You need an Azure AI Search resource.

spring:
  ai:
    vectorstore:
      azure:
        url: ${AZURE_SEARCH_ENDPOINT}
        api-key: ${AZURE_SEARCH_KEY}
        index-name: spring-ai-docs
        initialize-schema: true # Creates index if missing

Ingesting Data (ETL)

Before querying, you must load your documents.

@Service
public class IngestionService {

    private final VectorStore vectorStore;

    @Value("classpath:company-policies.pdf")
    private Resource policyPdf;

    public IngestionService(VectorStore vectorStore) {
        this.vectorStore = vectorStore;
    }

    public void ingest() {
        // 1. Read
        TikaDocumentReader reader = new TikaDocumentReader(policyPdf);
        List<Document> documents = reader.get();

        // 2. Split (Token splitter helps manage context window)
        TokenTextSplitter splitter = new TokenTextSplitter();
        List<Document> splitDocs = splitter.apply(documents);

        // 3. Store (Embeds using Azure OpenAI Embeddings -> Azure AI Search)
        vectorStore.add(splitDocs);
    }
}

Retrieval (The "R" in RAG)

Now, modify your ChatClient to look up data before answering.

@GetMapping("/policy")
public String askPolicy(@RequestParam String question) {
    return chatClient.prompt()
            .user(question)
            .advisors(new QuestionAnswerAdvisor(vectorStore, SearchRequest.defaults()))
            .call()
            .content();
}

The QuestionAnswerAdvisor intercepts the request, vectorizes the user's question, queries Azure AI Search for similar document chunks, appends them to the system prompt ("Use the following context..."), and then calls Azure OpenAI.
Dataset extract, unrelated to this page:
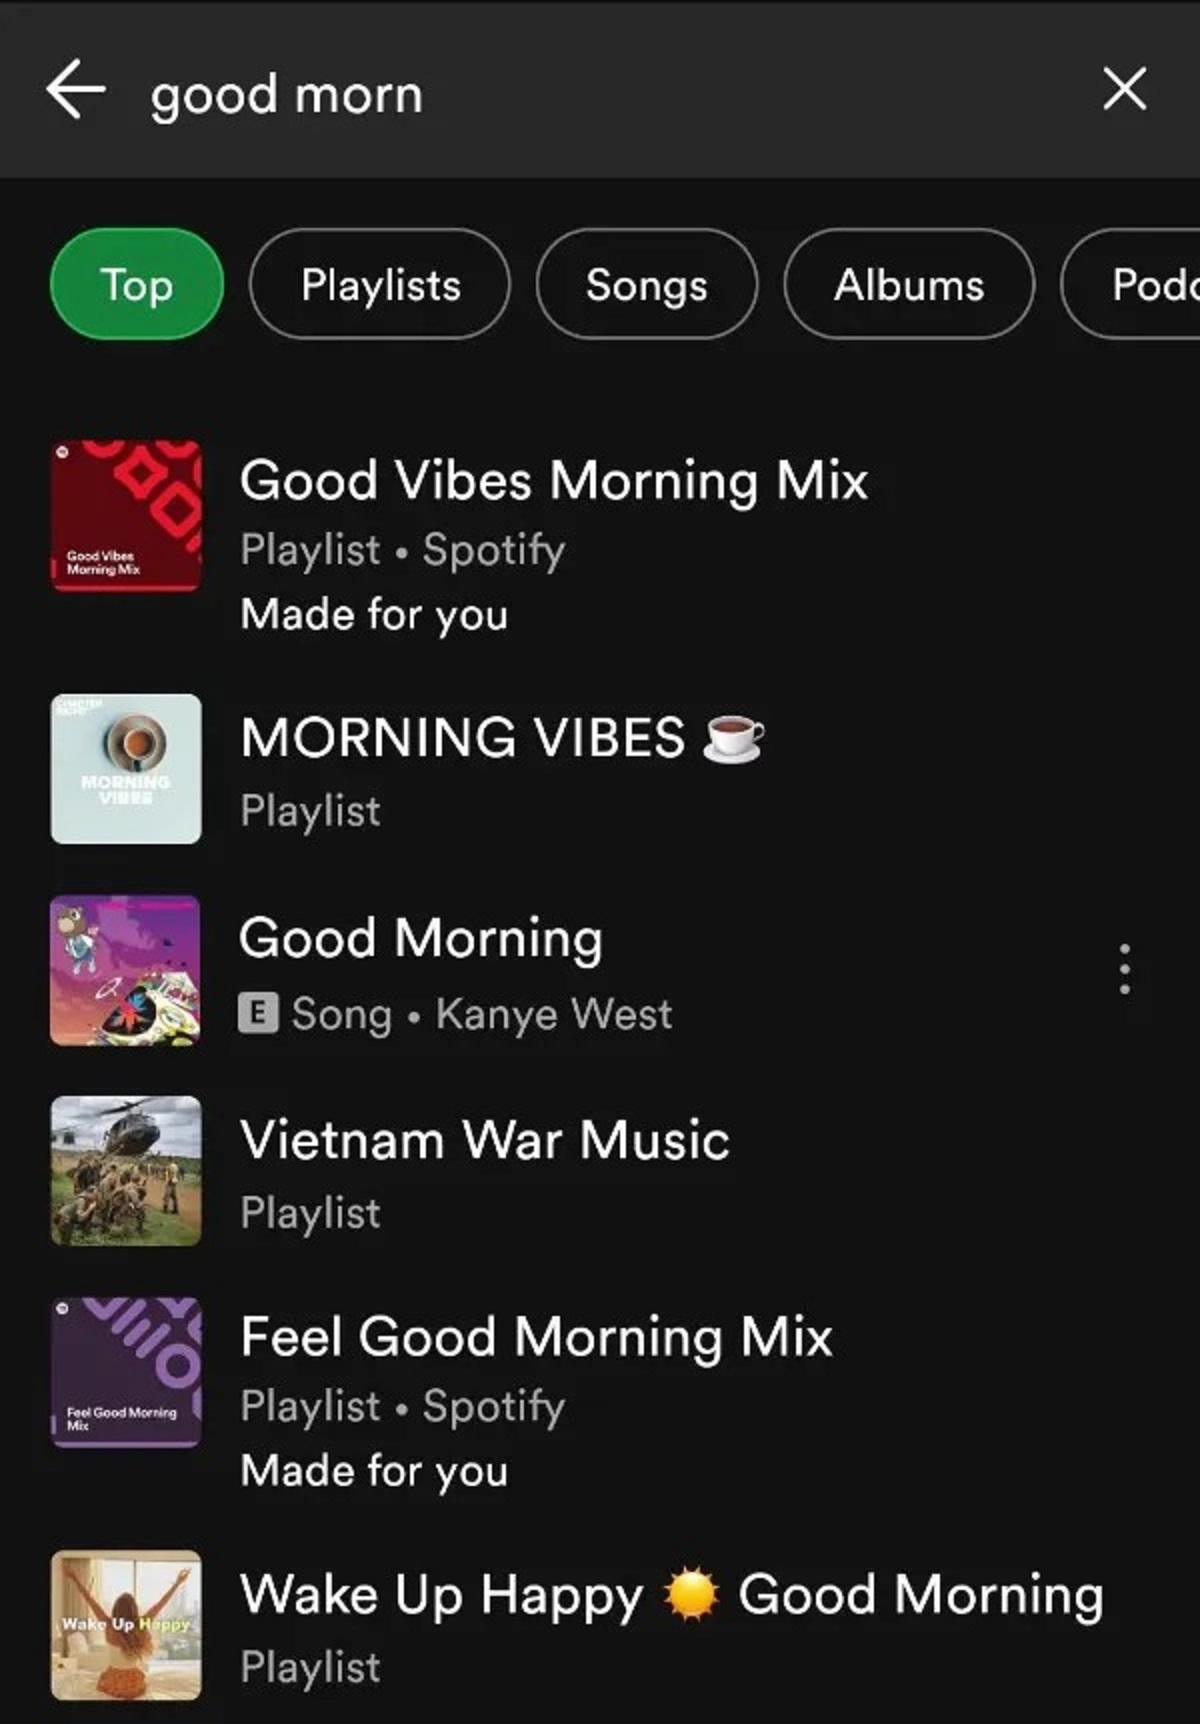 screenshot - good morn Top Good Vibes Morning Mix Simptom 00 Morning Feel Good Morning Mix lilo Wake Up Happy Playlists Songs Good Vibes Morning Mix Playlist . Spotify Made for you Morning Vibes Playlist Good Morning E Song Kanye West Vietnam War Music Pl

Security: Moving to Managed Identities

Using api-key in production is a security smell. The "Spring Way" on Azure is using DefaultAzureCredential.

Why Managed Identity?

No Secrets: No API keys in application.yml or Git.
RBAC: Grant specific permissions (Cognitive Services OpenAI User) to the App Service Identity.
Rotation: Azure handles credential rotation automatically.

Implementation

Remove the api-key from your YAML. Add the Azure Identity dependency:

<dependency>
    <groupId>com.azure</groupId>
    <artifactId>azure-identity</artifactId>
</dependency>

Spring AI's Azure auto-configuration detects the absence of an API key and the presence of azure-identity. It will attempt to obtain a token using the DefaultAzureCredential chain (Environment Vars -> Workload Identity -> Managed Identity -> Azure CLI).

Ensure your Azure App Service (or Container App) has the "Cognitive Services OpenAI User" role assigned on the Azure OpenAI Resource.

Resilience and Observability

GenAI APIs are slower and more prone to transient errors (Rate Limits, Overloaded Model) than standard REST APIs.

Handling Rate Limits (HTTP 429)

Azure OpenAI has strict Token-Per-Minute (TPM) limits. Spring AI uses the RestClient under the hood. You should configure a robust RetryTemplate.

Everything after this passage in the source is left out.